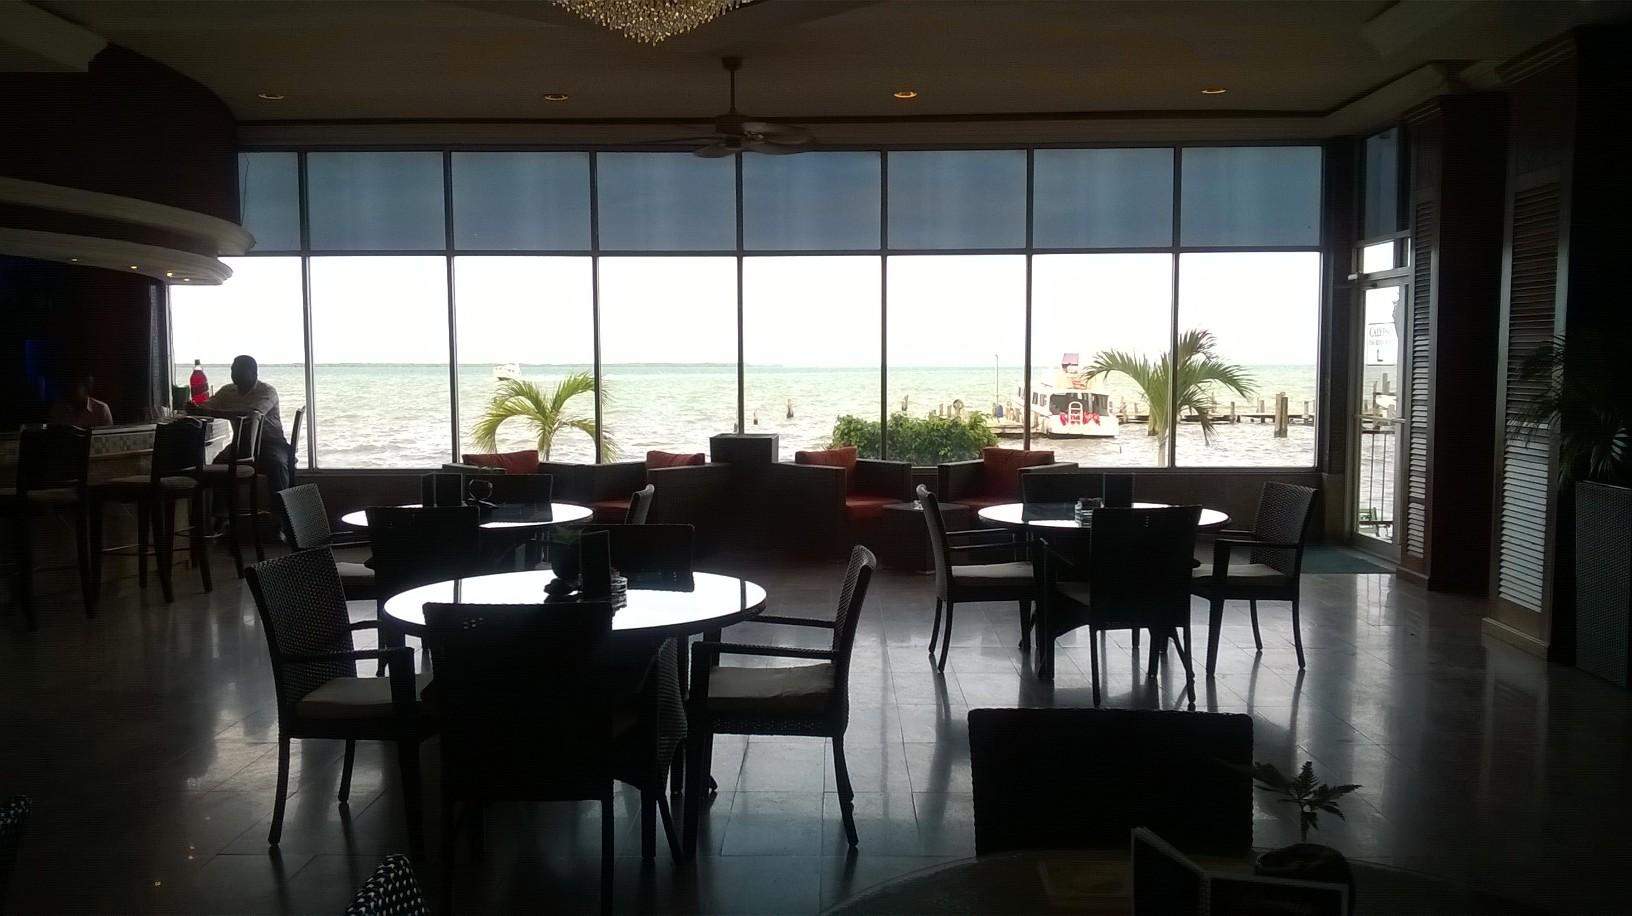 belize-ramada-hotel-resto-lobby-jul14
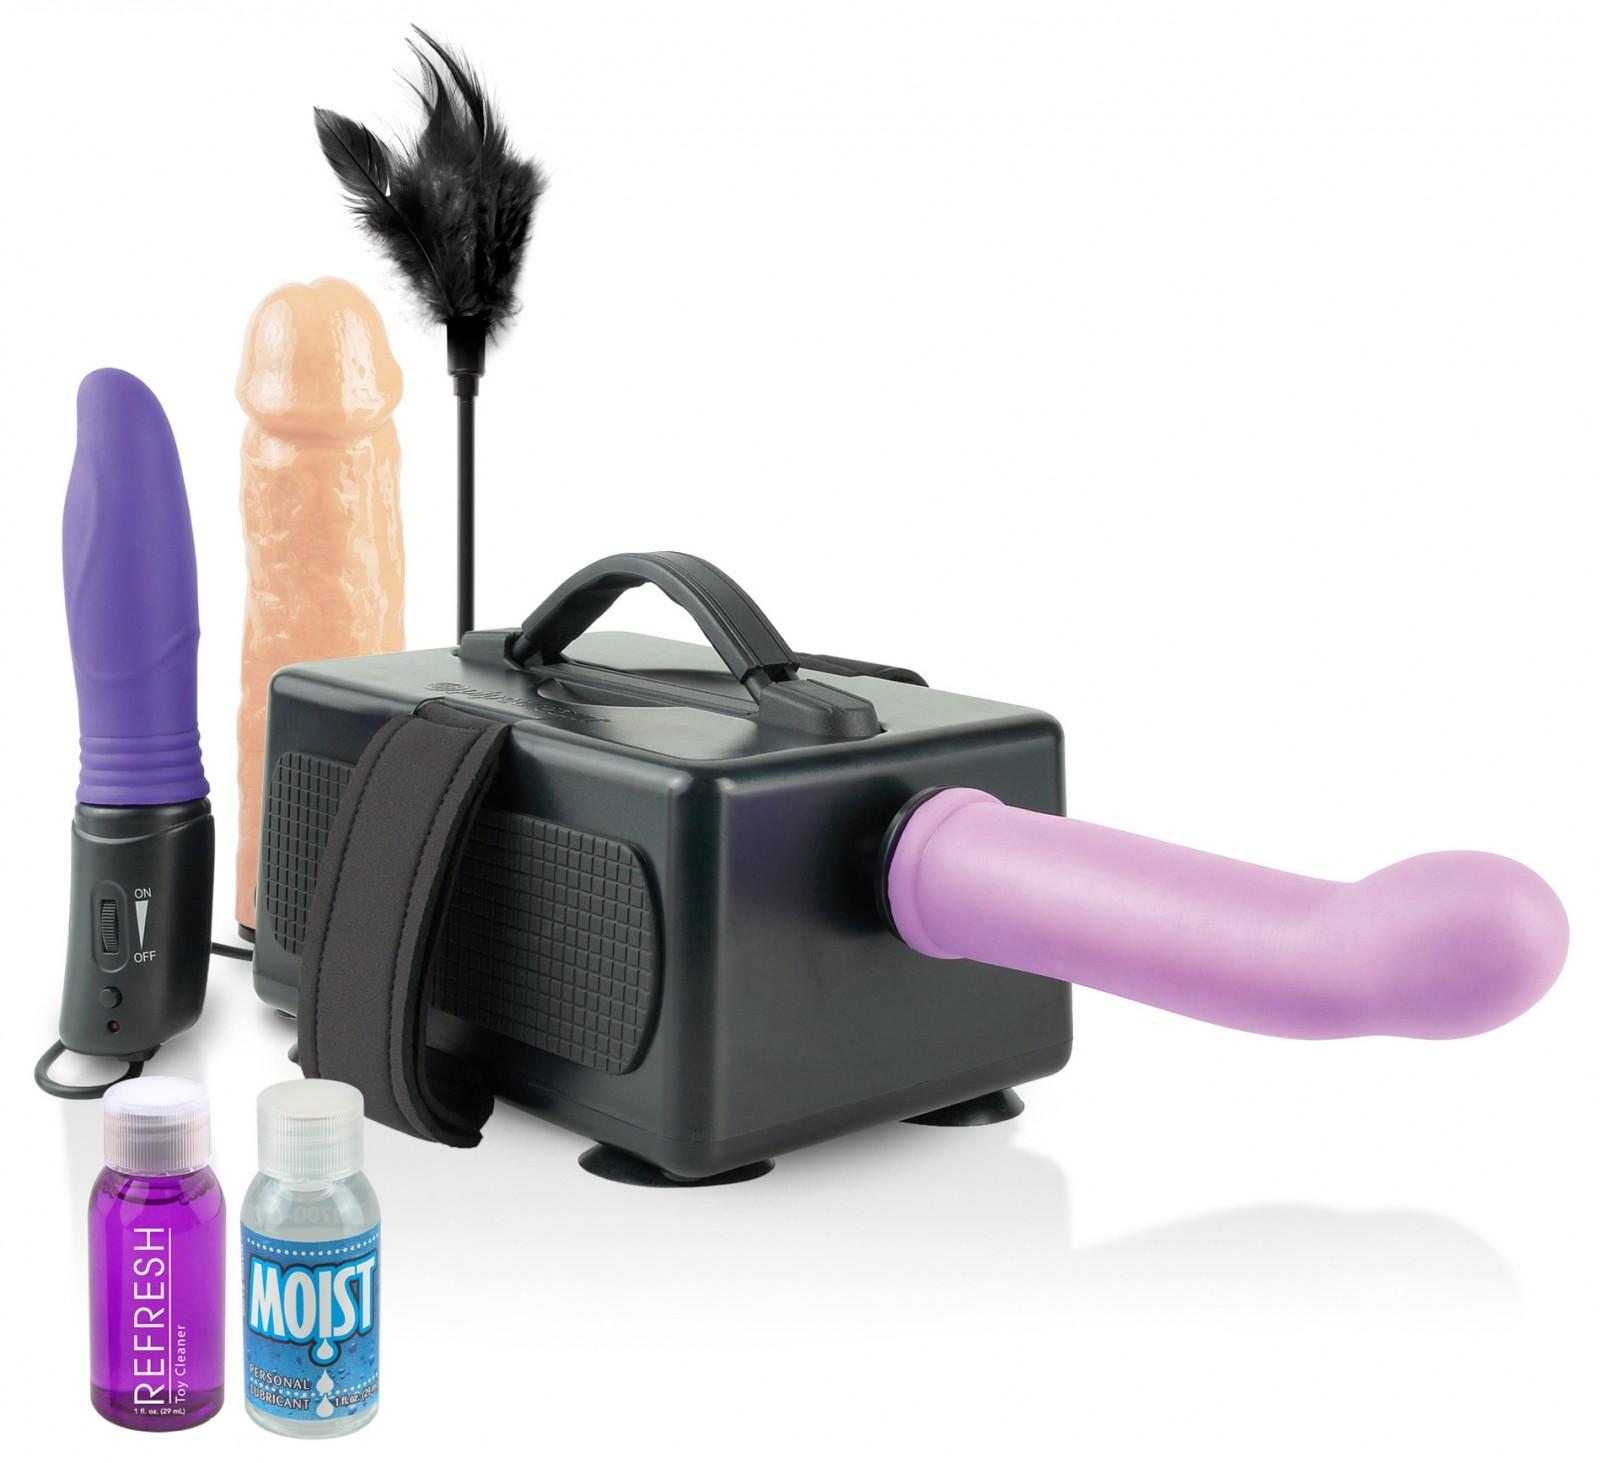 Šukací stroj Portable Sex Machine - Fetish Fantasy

###

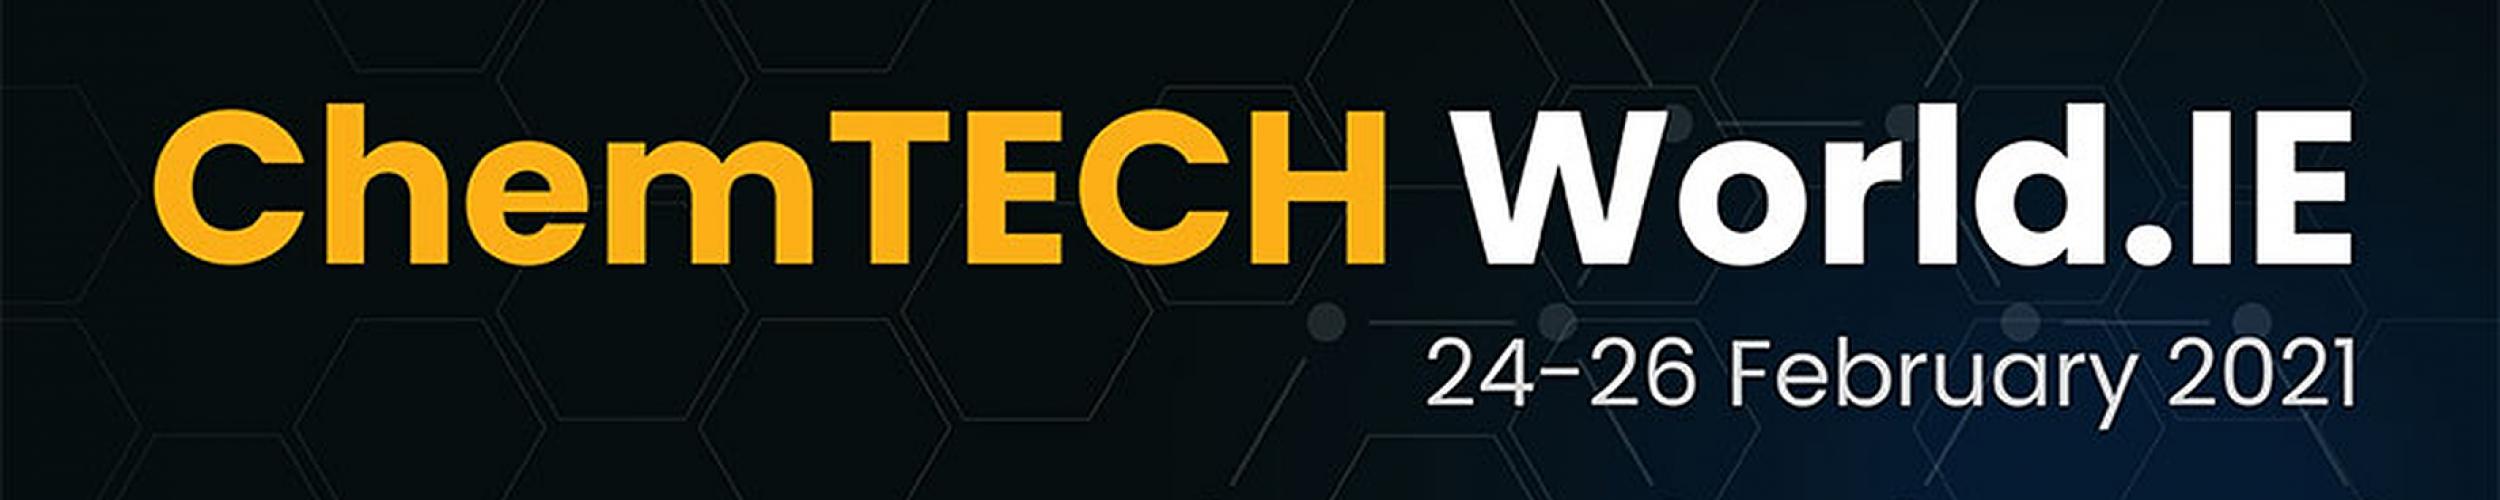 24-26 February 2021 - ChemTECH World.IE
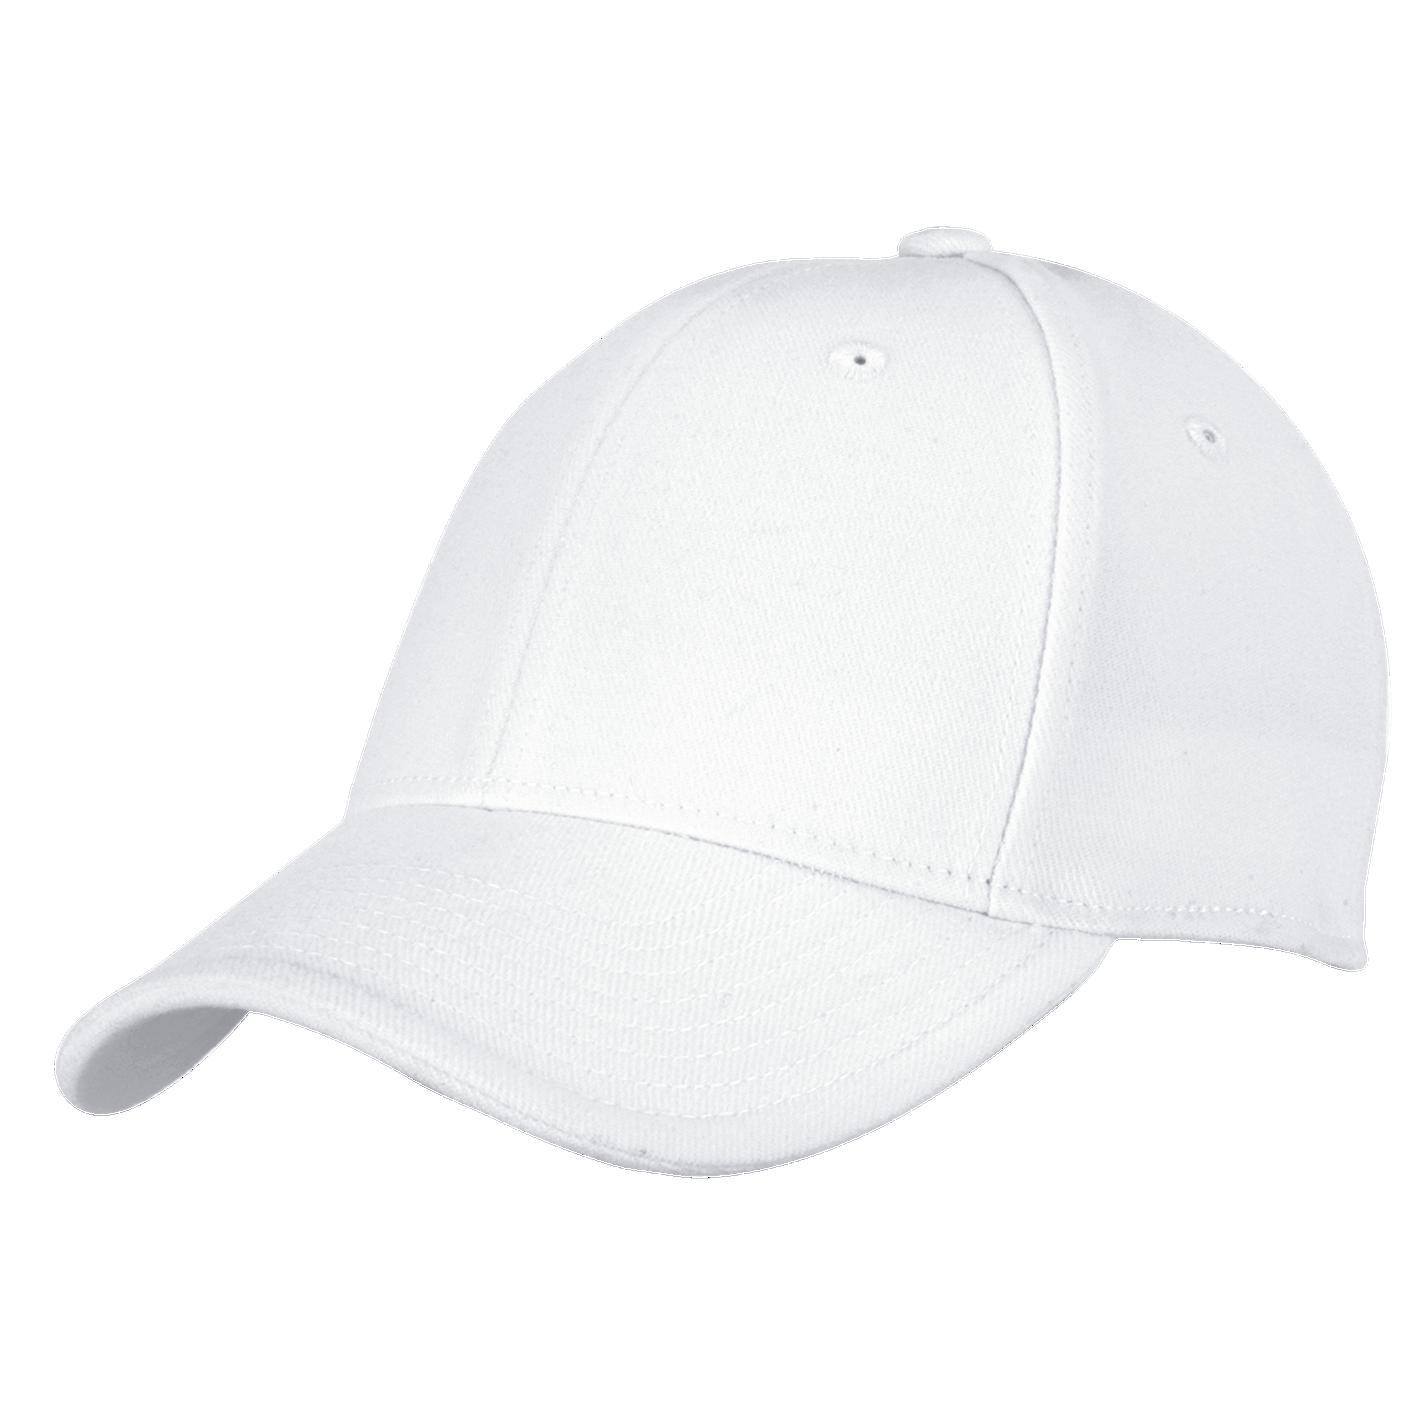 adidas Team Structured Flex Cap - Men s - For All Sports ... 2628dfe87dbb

###

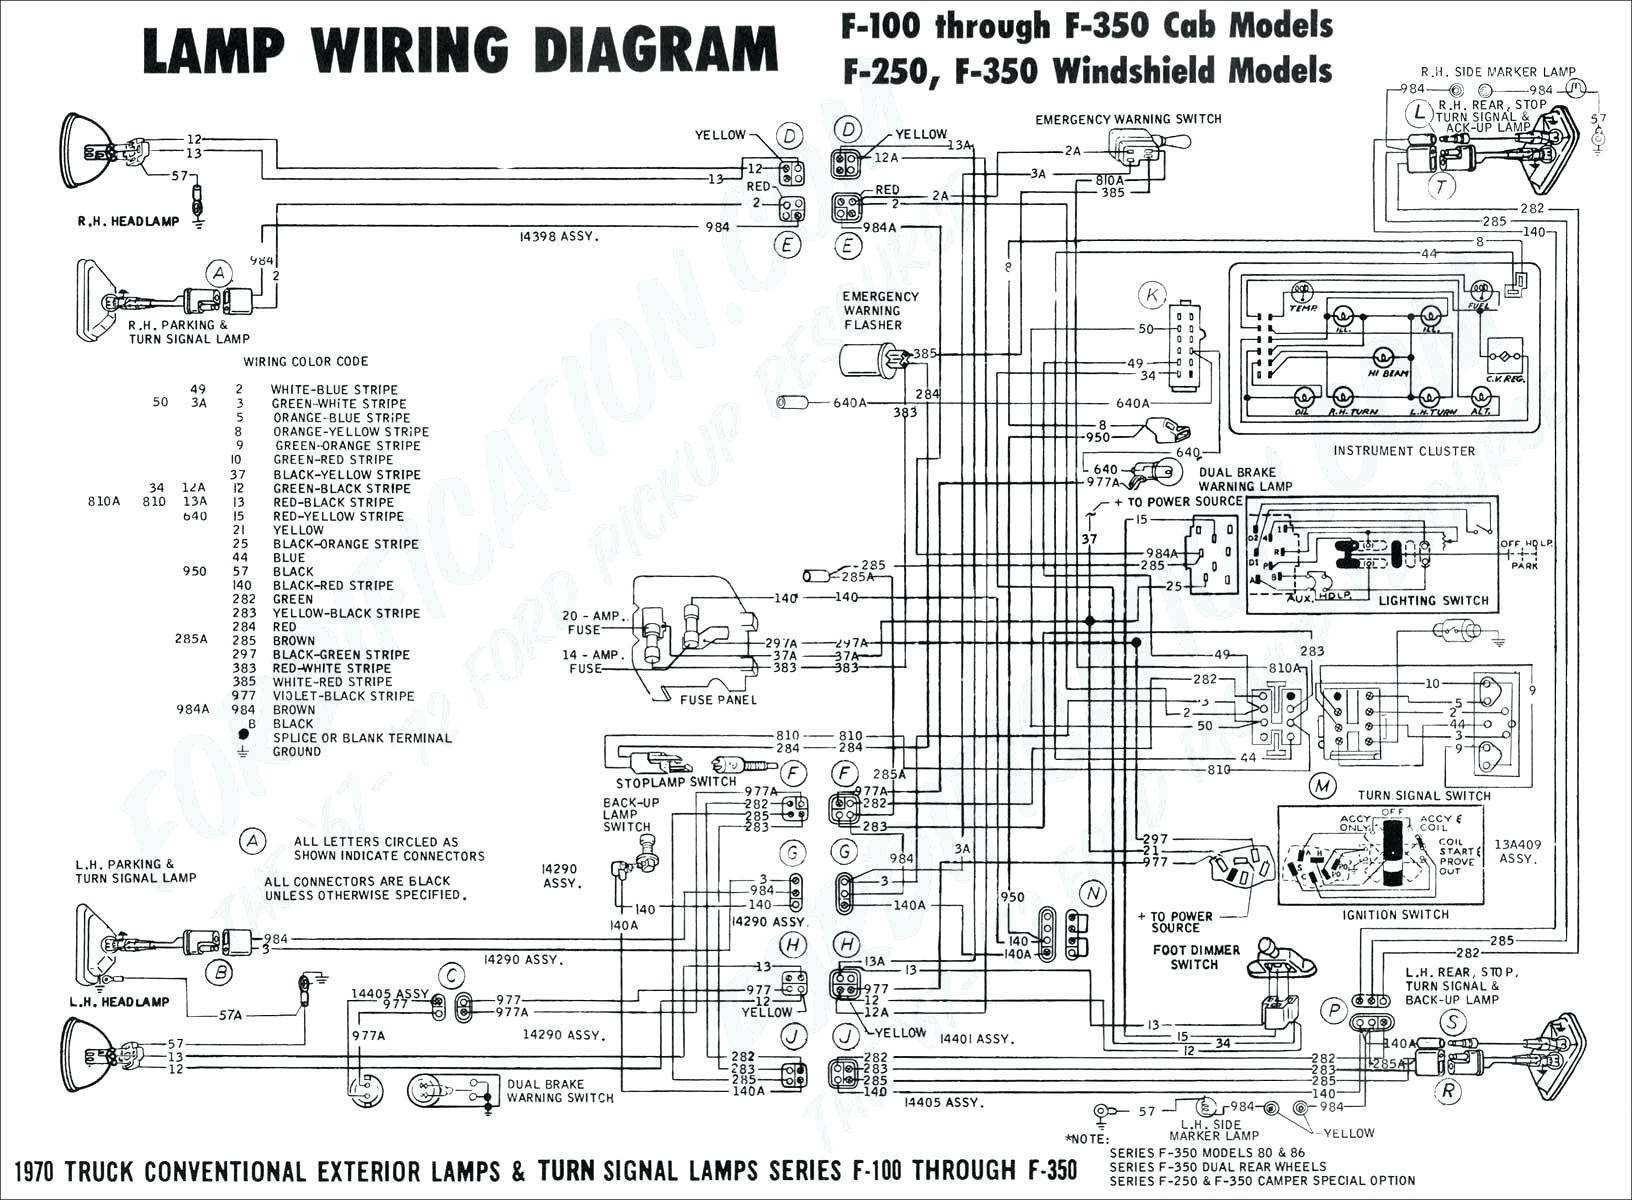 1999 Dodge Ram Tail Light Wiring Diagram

###

### Task instructions
In the records above, everything from the line with "belize-ramada-hotel-resto-lobby-jul14" down to the line with "Šukací stroj Portable" is to be set down exactly, both ends included, with no pictures and no other lines.

### Output for this exercise
 belize-ramada-hotel-resto-lobby-jul14
 Šukací stroj Portable Sex Machine - Fetish Fantasy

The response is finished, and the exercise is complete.